On Wed, Aug 22, 2018 at 7:44 PM Linus Torvalds
<torvalds at linux-foundation.org> wrote:
> One of the complex ones is the amdgpu driver. It does a
> "use_mm(mmptr)" deep deep in the guts of a macro that ends up being
> used in fa few places, and it's very hard to tell if it's right.
>
> It looks almost certainly buggy (there is no mmget/mmput to get the
> refcount), but there _is_ a "release" mmu_notifier function and that
> one - unlike the kvm case - looks like it might actually be trying to
> flush the existing pending users of that mm.
>
> But on the whole, I'm suspicious of the amdgpu use. It smells. Jann
> Horn pointed out that even if it migth be ok due to the mmu_notifier,
> the comments are garbage:
>
> >  Where "process" in the uniquely-named "struct queue" is a "struct
> >  kfd_process"; that struct's definition has this comment in it:
> >
> >        /*
> >         * Opaque pointer to mm_struct. We don't hold a reference to
> >         * it so it should never be dereferenced from here. This is
> >         * only used for looking up processes by their mm.
> >         */
> >        void *mm;
> >
> >  So I think either that comment is wrong, or their code is wrong?
>
> so I'm chalking the amdgpu use up in the "broken" column.
>
Hello Linus,

I looked at the amdkfd code and indeed the comment does not match the
actual code because the mm pointer is clearly dereferenced directly in
the macro you mentioned (read_user_wptr). That macro is used in the
code path of loading a descriptor to the H/W (load_hqd). That function
is called in several cases, where in some of them we are in the
context of the calling process, but in others we are in a kernel
thread context (hence the use_mm).

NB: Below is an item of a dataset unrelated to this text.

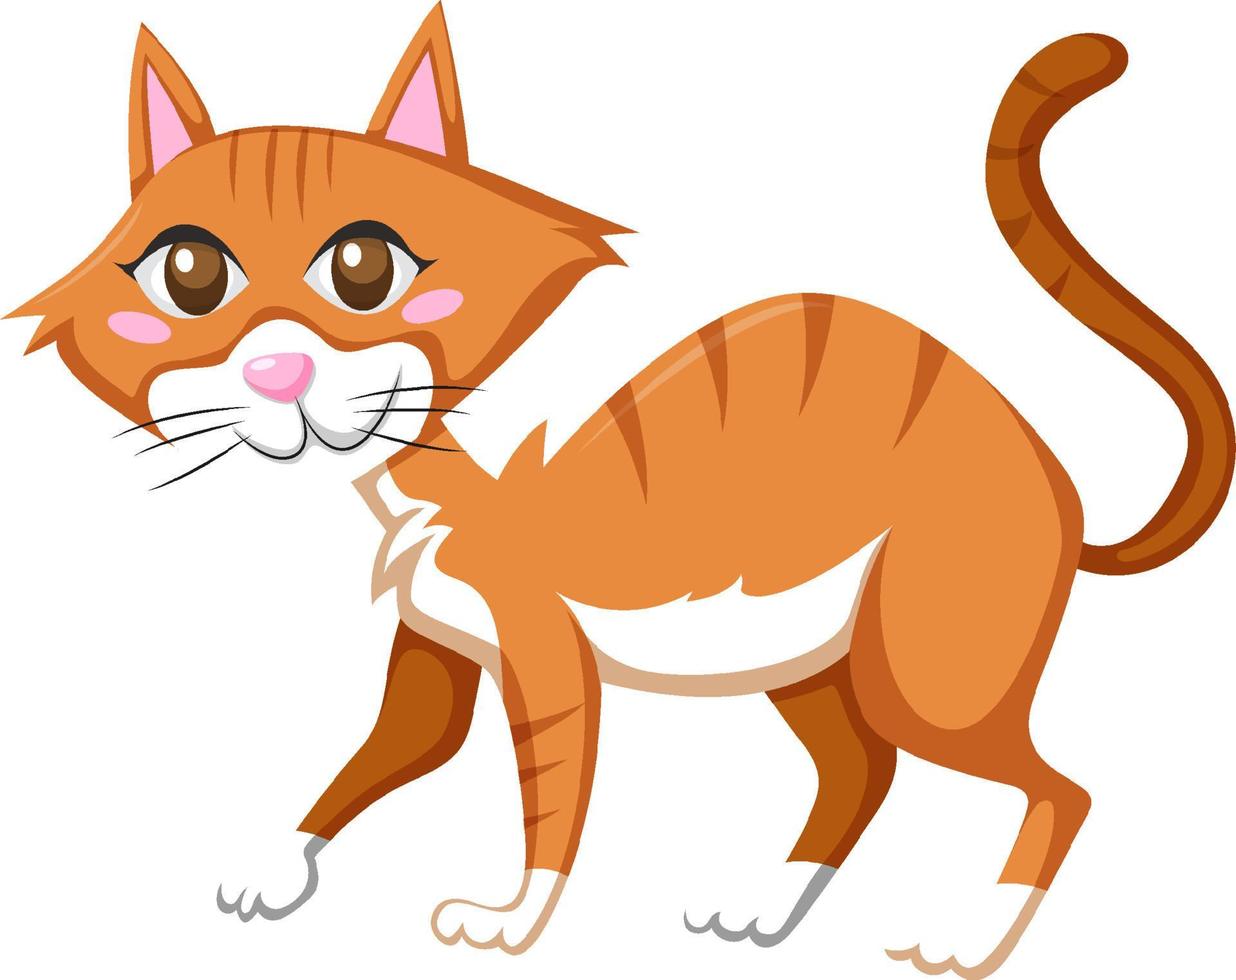 Orange cat in cartoon style vector

That's why we check these two
situations inside that macro and only do use_mm if we are in kernel
thread.

We need to fix that behavior and obviously make sure that in future
code we don't cast this pointer to mm_struct* and derereference it
directly.
Actually, the original code had "mm_struct *mm" instead of "void *mm"
in the structure, and I think the reason we changed it to void* is to
"make sure" that we won't dereference it directly, but clearly that
failed :(

Having said that, I think we *are* protected by the mmu_notifier
release because if the process suddenly dies, we will gracefully clean
the process's data in our driver and on the H/W before returning to
the mm core code. And before we return to the mm core code, we set the
mm pointer to NULL. And the graceful cleaning should be serialized
with the load_hqd uses.

Felix, do you have anything to add here that I might have missed ?

Thanks,
Oded